We prove the following:
Theorem 2 Given a real number $v_\mathbb{R}$, representations $\mathbb{T}_k$ and $\mathbb{T}_{n+2}$ with same number of exponent bits that satisfy $\lvert E \rvert + 1 < k \leq n$, and a rounding mode $rm \in {rn, ra, rz, ru, rd}$, then $RN_{\mathbb{T}_k,rm} (v_\mathbb{R}) = RN_{\mathbb{T}_k,rm} (RN_{\mathbb{T}_{n+2},ro}(v_\mathbb{R}))$.

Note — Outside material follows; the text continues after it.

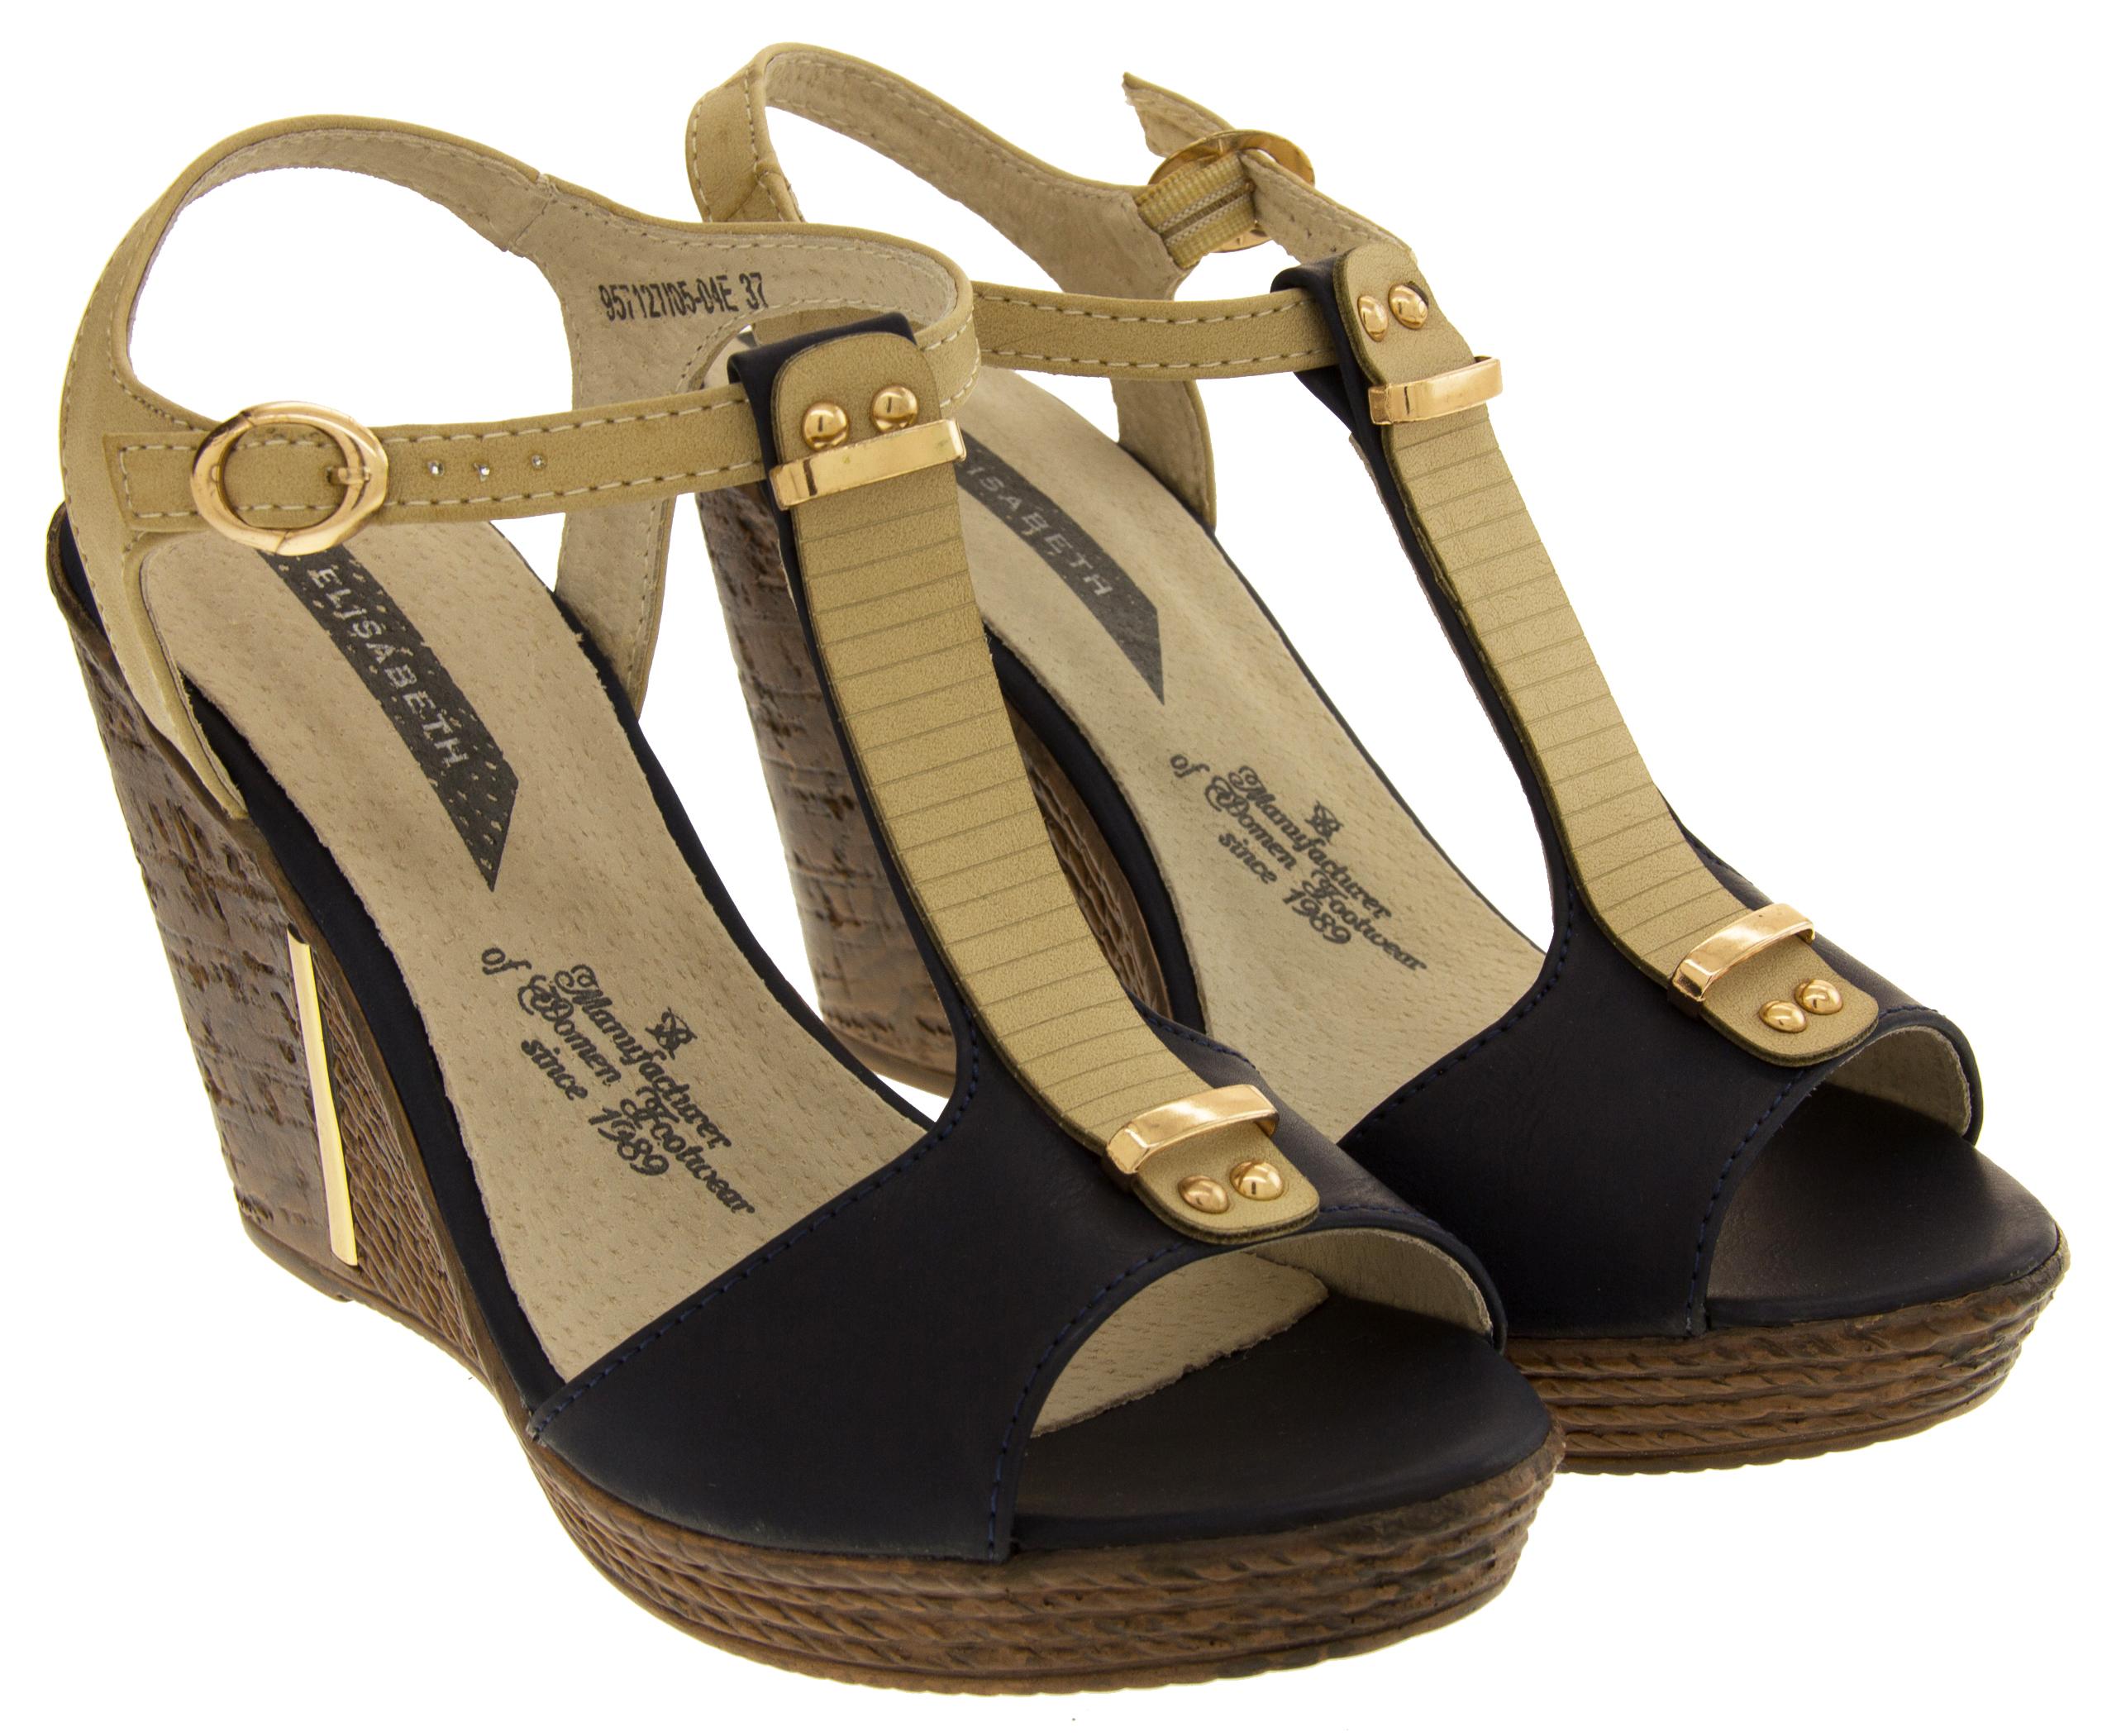 Stiefeletten Damen -Stiefel Grün Neu//New echtes Leder Boots EU 37

Let $v_{ro} = RN_{\mathbb{T}_{n+2},ro}(v_\mathbb{R})$. By lemma 4, we just have to check if the rounding components for $v_\mathbb{R}$ and $v_{ro}$ are the same. Again, round-to-odd preserves sign, so we assume positive.

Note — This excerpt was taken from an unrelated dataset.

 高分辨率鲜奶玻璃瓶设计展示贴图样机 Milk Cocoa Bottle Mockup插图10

Let $(s_1, v_1^-, rb_1, sticky_1)$ and $(s_2, v_2^-, rb_2, sticky_2)$ be the rounding components for $v_\mathbb{R}$ and $v_{ro}$ respectively in $\mathbb{T}_k$. Let the representation of $v_\mathbb{R}$ in extended infinite precision representation $B_{v_\mathbb{R}}$ be
\[B_{v_\mathbb{R}} = b_1 b_2 \cdots b_{k-1} b_k b_{k+1} \cdots b_n b_{n+1} b_{n+2} b_{n+3} \cdots\]By definitions of rounding components the following is true:
\[B_{v_1^-} = b_1 b_2 \cdots b_{k-1} b_k, \quad rb_1 = b_{k+1}, \quad sticky_1 = b_{k+2} \vert b_{k+3} \vert \cdots\]By lemma 2 and lemma 3:
\[B_{v_{ro}} = b_1 b_2 \cdots b_{k-1} b_k \cdots b_n b_{n+1} t, \quad t = b_{n+2} \vert b_{n+3} \vert \cdots\]Since $k \leq n$ there are at least one bit between $b_k$ and $t$. The rounding components are:
\[B_{v_2^-} = b_1 b_2 \cdots b_{k-1} b_k, \quad rb_2 = b_{k+1}, \quad sticky_2 = b_{k+2} \vert b_{k+3} \vert \cdots \vert b_{n+1} \vert t\]Comparing this with $v_\mathbb{R}$ we can see that all are the same, hence the rounded result is the same via lemma 4. Theorem 1 follows directly after theorem 2.
Conclusion
This is the first work on creating a single polynomial approximation that works for all representations and rounding modes.